Fogo – das ist nicht nur die Insel, sondern vor allem der Pico de Fogo, der zweitgrößte Vulkan im Atlantik nach dem Teide auf Teneriffa.

Doch bevor wir den Vulkan besuchten gab es erstmal wieder einen Stadtrundgang in Sao Filipe, dem Hauptort der Insel.



Rathaus und Kirche im strahlenden blau/weiß, zusammen mit rot sind das die Farben der Kapverdischen Flagge. Auch hier gab es eine Markthalle und einen schönen schwarzen Stadtstrand.



Auf dem rechten Foto ist am Horizont die Nachbarinsel Brava zu sehen. Der Strand ist nur zum Anschauen und Sonnenbaden geeignet, denn die Brandung und die Strömungen machen das Baden hier unmöglich. Der Ort Sao Filipe war deutlich schöner als die vorherige Stadt. Hier gibt es viele Fassaden mit Wandmalereien.



Und dann ging es hinauf auf 1700 Meter nach Cha des Caldeiras, ein Ort der in der Caldera, also im Vulkankegel liegt. Rund um den Ort erstrecken sich die mehrere hundert Meter hohen Wände der Caldera und an der einen Seite der Pico de Fogo mit knapp 3000 Meter Höhe. Dort kann man bis zum Kraterrand hinaufsteigen, was aber nur zwei aus unserer Gruppe gemacht haben – ich nicht. Wir sind alle zum kleinen Pico gewandert, was auch schon beeindruckend war.
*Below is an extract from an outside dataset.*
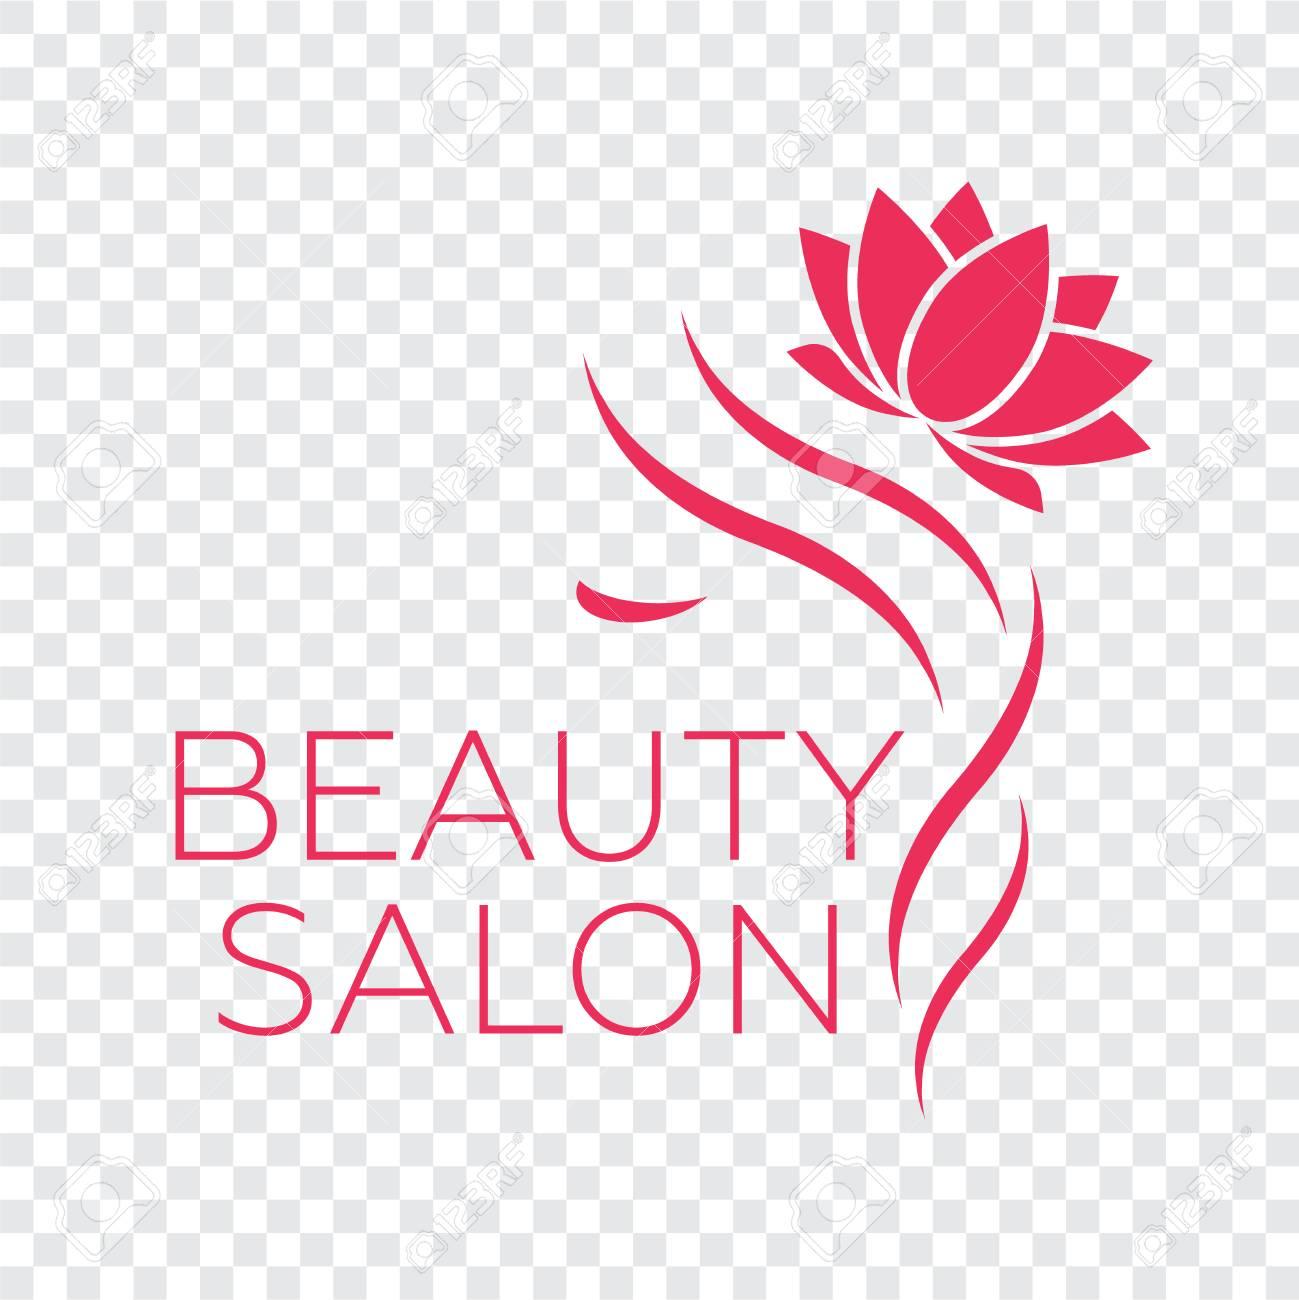 Beauty Logo For Hair Salon Logo Hair Vector Royalty Free Cliparts Vectors And Stock Illustration Image 93391161

Die Staubfahnen im oberen Teil des letzten Bildes stammen von den Bergsteigern, die vom großen Pico herunterkommen. Es ist eine unglaubliche Landschaft und auch wenn der Vulkan zirka alle 20 Jahre ausbricht – zuletzt 2014 – kehren die Menschen immer wieder dorthin zurück und bauen ihre Dörfer neu auf. Es gibt dort eine uralte Tradition von runden Häusern, die so schon von den entlaufenden Sklaven im 14. Jahrhundert dort gebaut wurden.
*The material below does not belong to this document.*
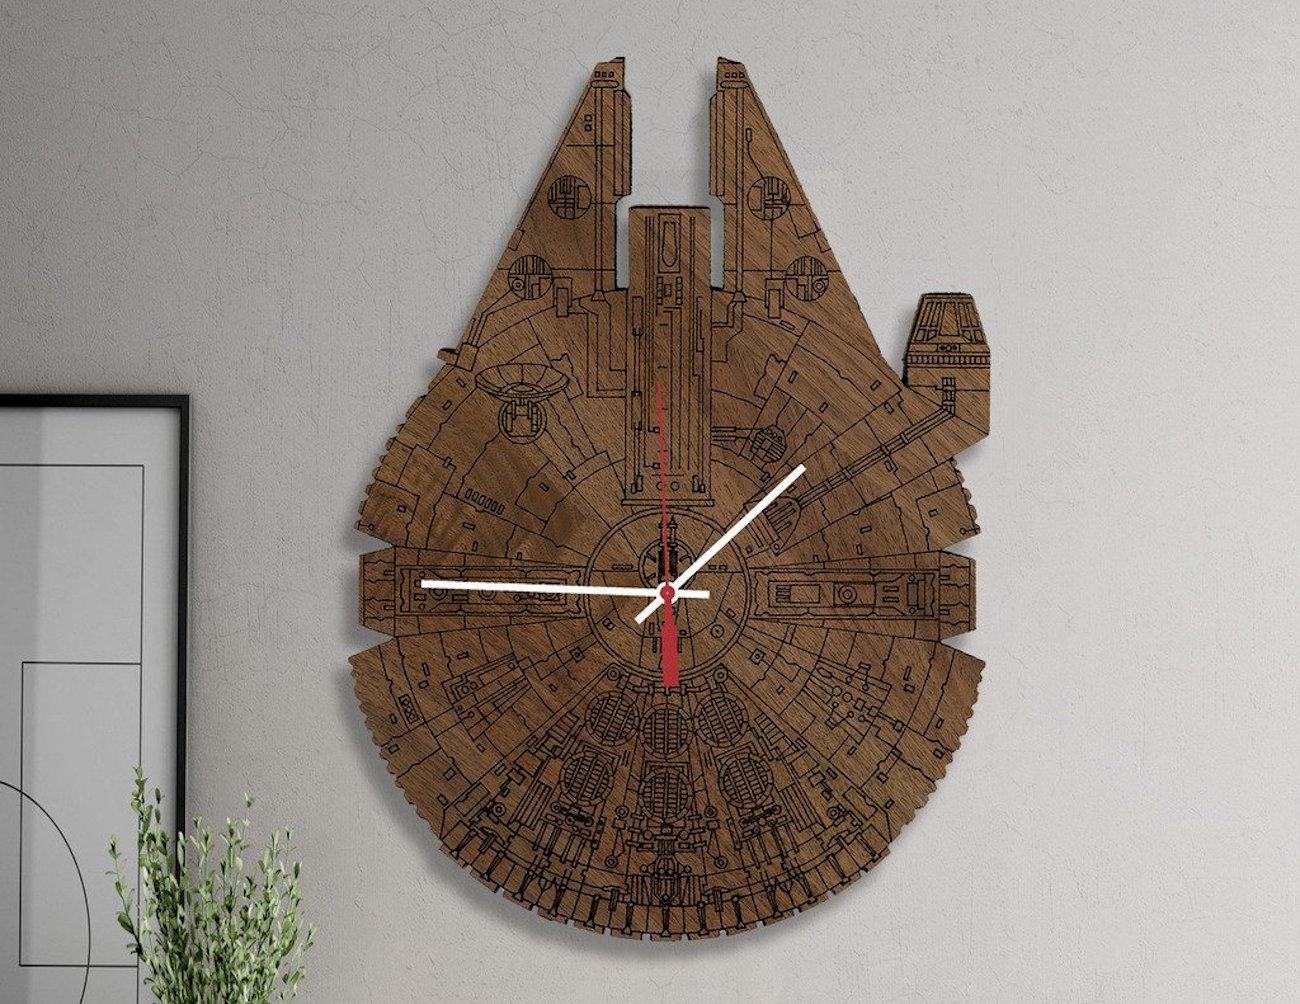 star wars millennium falcon wood wall clock review. Black Bedroom Furniture Sets. Home Design Ideas

Und die schönsten Farbtupfer in dem dunklen Vulkangestein waren – natürlich passend zur Jahreszeit – die Weihnachtssterne. Nicht als Topfpflanze sondern als große Büsche standen sie überall vor den Häusern. Sonst ist die Vegetation dort oben etwas rar, nur der Innenhof von unserer Pension war üppig grün.



Die Pension Marisa ist ein ganz wunderbarer Ort. Es gibt dort Rundhütten mit Hängematte auf dem Dach, Zimmer mit natürlicher Fußbodenheizung durch die noch warme Lava dadrunter und ein großartiges Restaurant, betrieben von Marisa, die ihre Kochkünste in Frankreich erlernt hat. Ihr Mann Mustafa hat den Klettersport nach Fogo gebracht. Mehr dazu unter diesem Link:https://www.outdoor-magazin.com/klettern/tanz-auf-dem-vulkan/ Und wer jetzt Lust bekommen hat nach Fogo zu reisen hier der Link zu Marisa:https://www.fogo-marisa.com Für mich war die Zeit dort viel zu kurz, aber nach zwei Tagen ging es weiter auf die nächste Insel.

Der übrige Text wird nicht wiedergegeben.